In accordance with Mentor's adoption of FAS 123(R), the Company will begin reporting all expenses related to the Company's long-term incentive equity compensation program in our financial results.  In fiscal year 2007, Mentor expects to record approximately $13 million in incentive-based equity compensation expense, representing approximately $0.17 per share.

Stock Repurchase Plan
During the fourth quarter, Mentor announced that its Board of Directors had authorized the repurchase of an additional 5 million shares of common stock.  Approximately 950,000 shares were repurchased at an average price of $43 per share from two directors who retired during the quarter.  Repurchases may occur from time to time subject to blackout periods and other restrictions at the discretion of management.

Dividend
Mentor declared a dividend of $0.18 per share in the fourth quarter of fiscal year 2006, compared to $0.17 per share in the fourth quarter of fiscal year 2005, and total dividends of $0.71 in fiscal year 2006.

Balance Sheet
Mentor ended fiscal year 2006 with $201.0 million in cash and marketable securities, an increase of approximately $88.1 million over the $112.9 million at the end of fiscal year 2005.  This does not include the estimated $340 million in anticipated proceeds, net of taxes, from the pending sale of Mentor's Urology business to Coloplast.  During the quarter, Mentor borrowed $14 million to partially fund the repatriation of foreign earnings.  In addition, at year end the Company had $150 million outstanding in convertible notes.

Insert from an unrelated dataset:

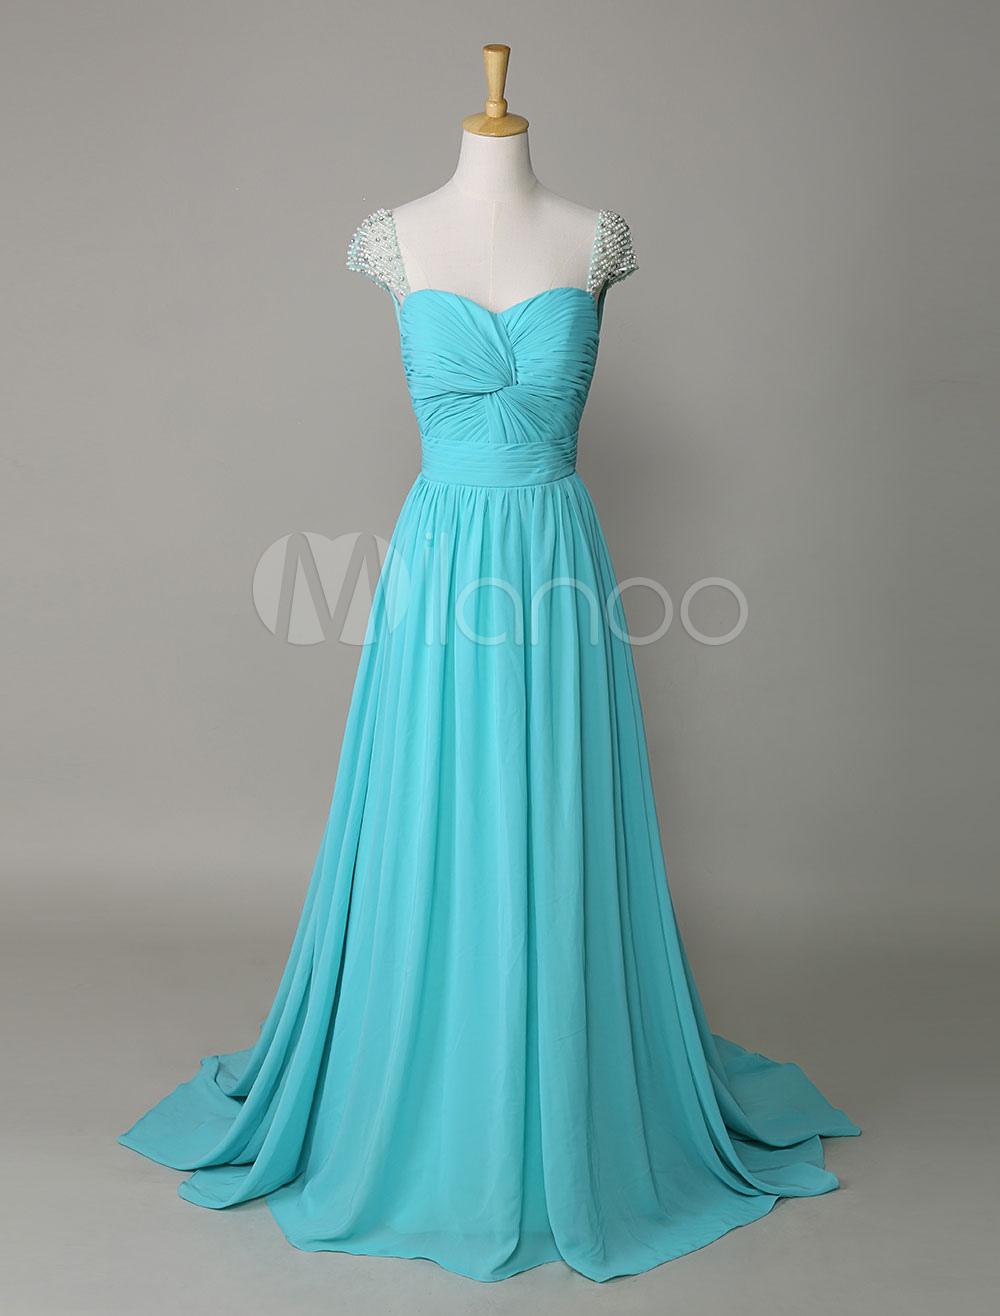 Beaded Cap Sleeve Twisted Bodice Long Prom Dress (Wedding Prom Dresses) photo

Reclassification of Urology Business
Mentor's financial statements have been reclassified for all periods to reflect the pending divestiture of Mentor's Urology business.  The pending sale of Mentor's Urology business means that Mentor must treat its Urology business as a discontinued operation.  Under discontinued operations reporting, all current and historical financial data is reclassified to reflect the results of the discontinued operation as a single line item below operating income for each period reported.

Included with this press release is a schedule showing quarterly and full year unaudited results for fiscal year 2005 and 2006 with the Urology business reflected as a discontinued operation.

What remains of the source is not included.